* **EXERCISE DESCRIPTION**
Exact transcription, pictures omitted: reproduce the listing below.

* **DATA**
....................

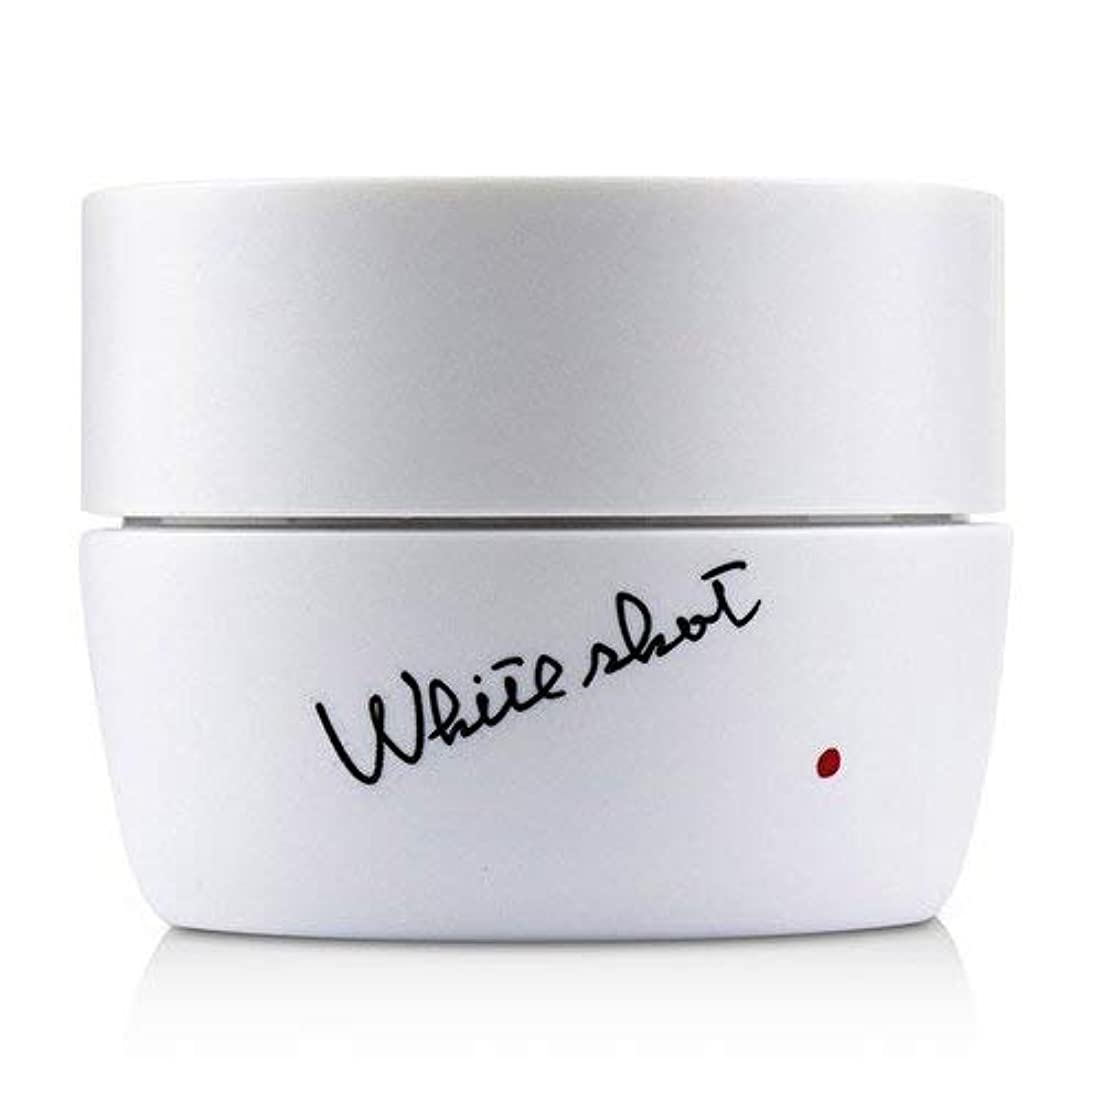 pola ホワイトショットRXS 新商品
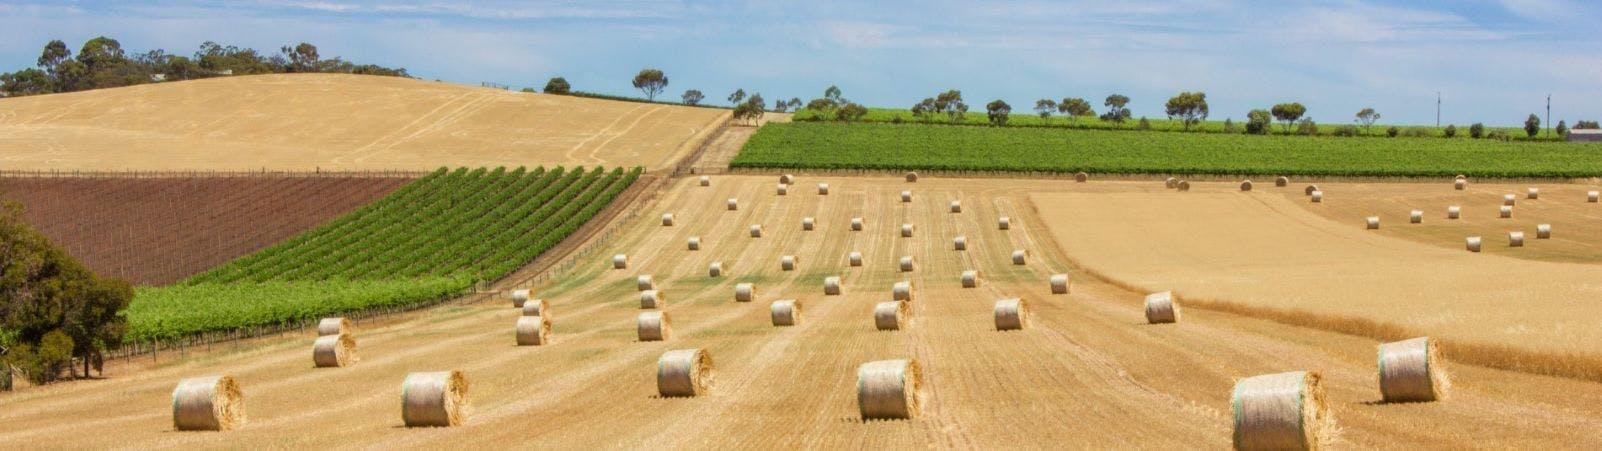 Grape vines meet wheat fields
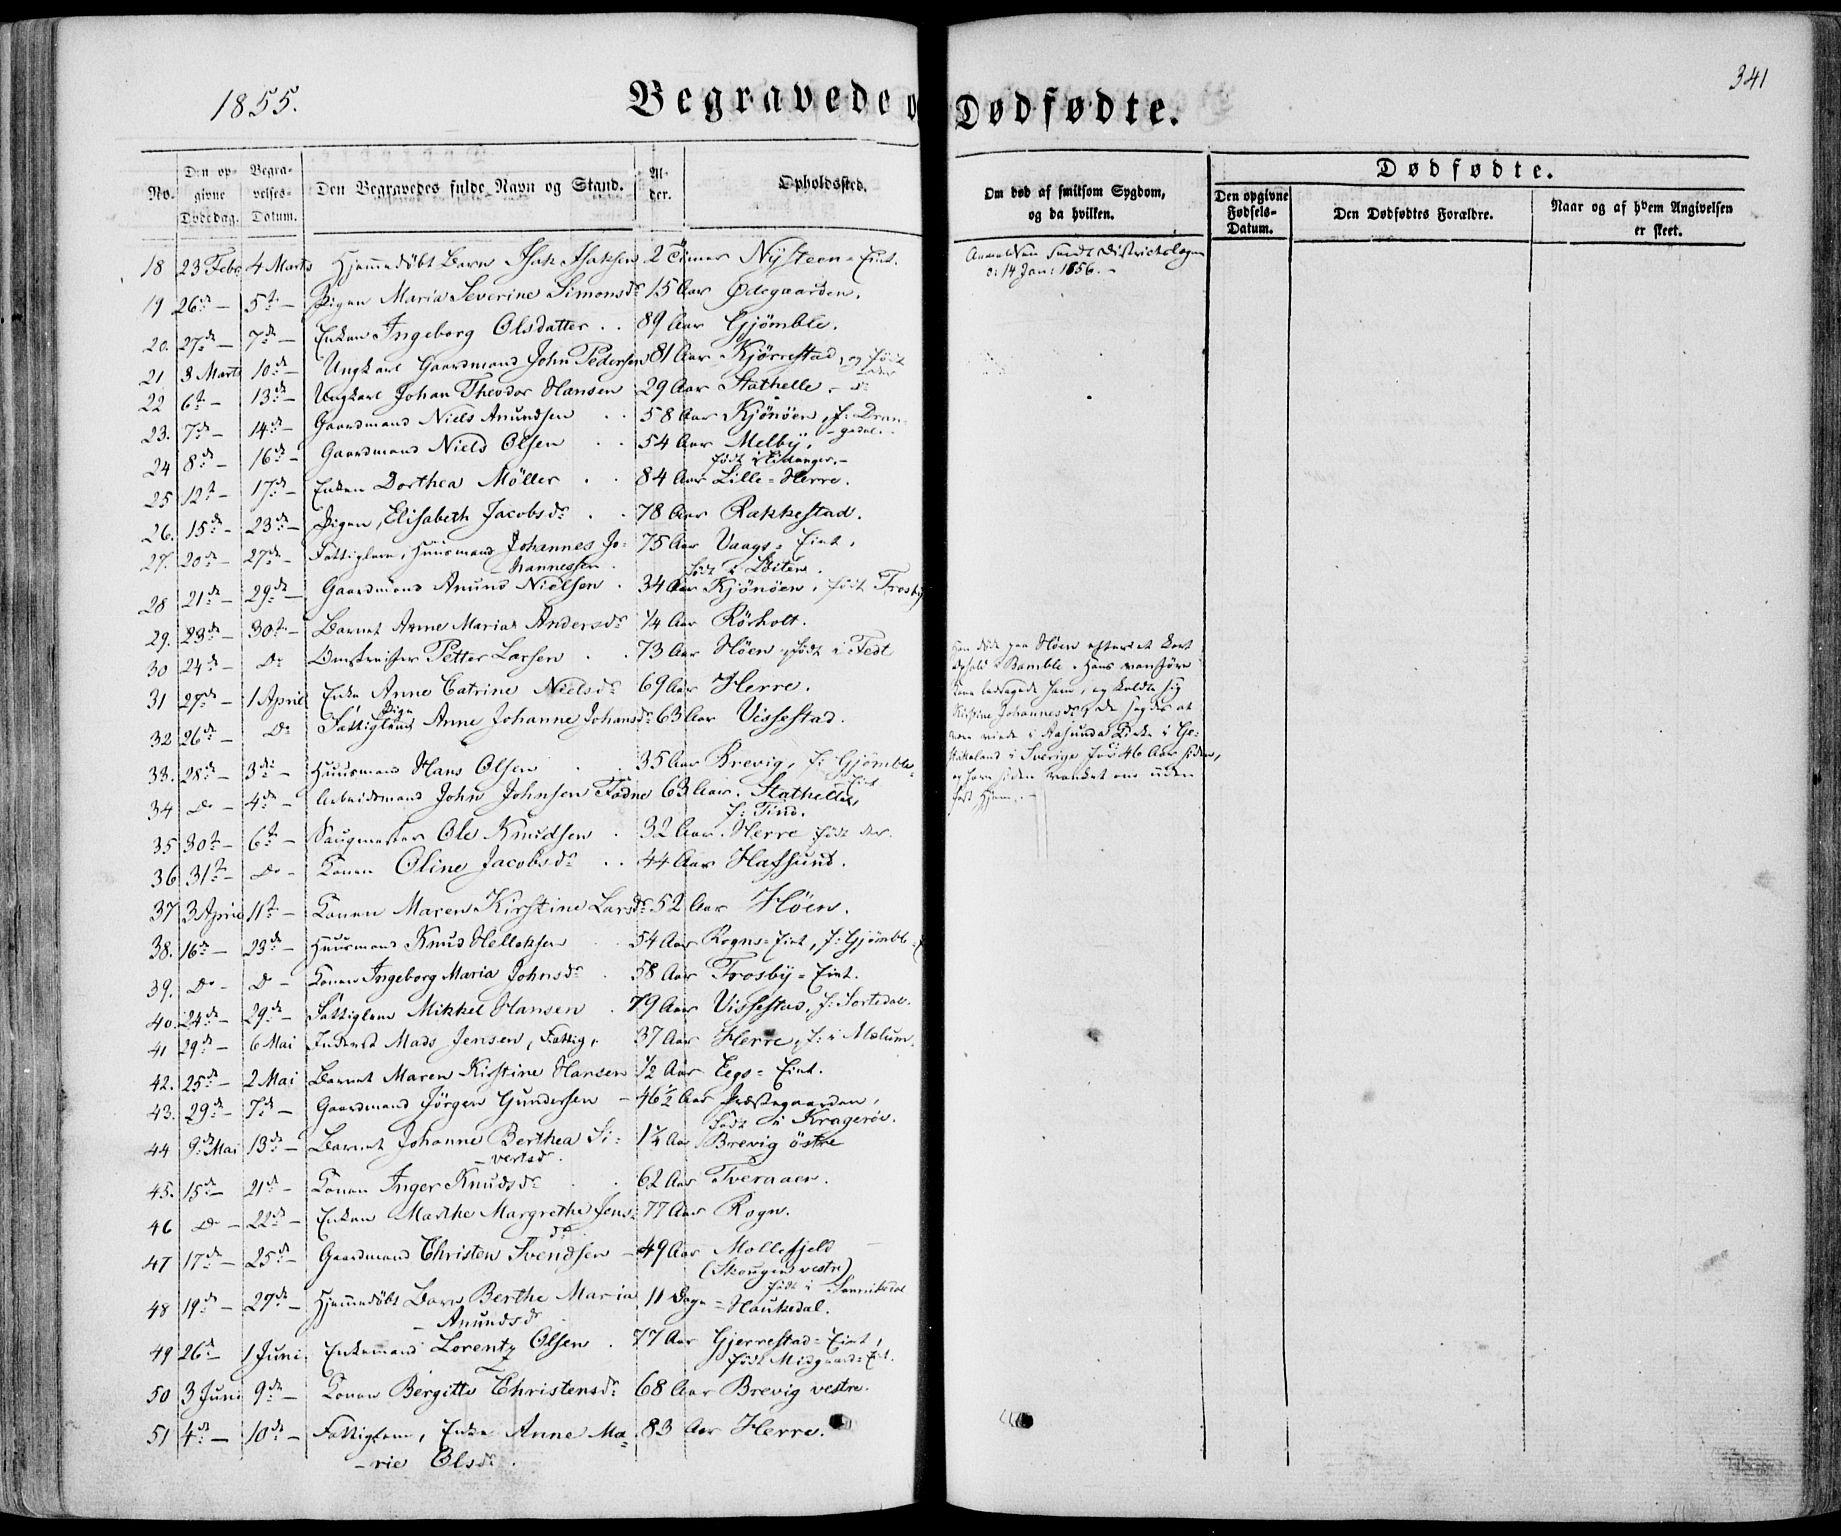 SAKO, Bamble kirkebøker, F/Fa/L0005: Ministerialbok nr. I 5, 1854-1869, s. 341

....................

* **FINISHED TASK**
 pola ホワイトショットRXS 新商品
 Grape vines meet wheat fields
 SAKO, Bamble kirkebøker, F/Fa/L0005: Ministerialbok nr. I 5, 1854-1869, s. 341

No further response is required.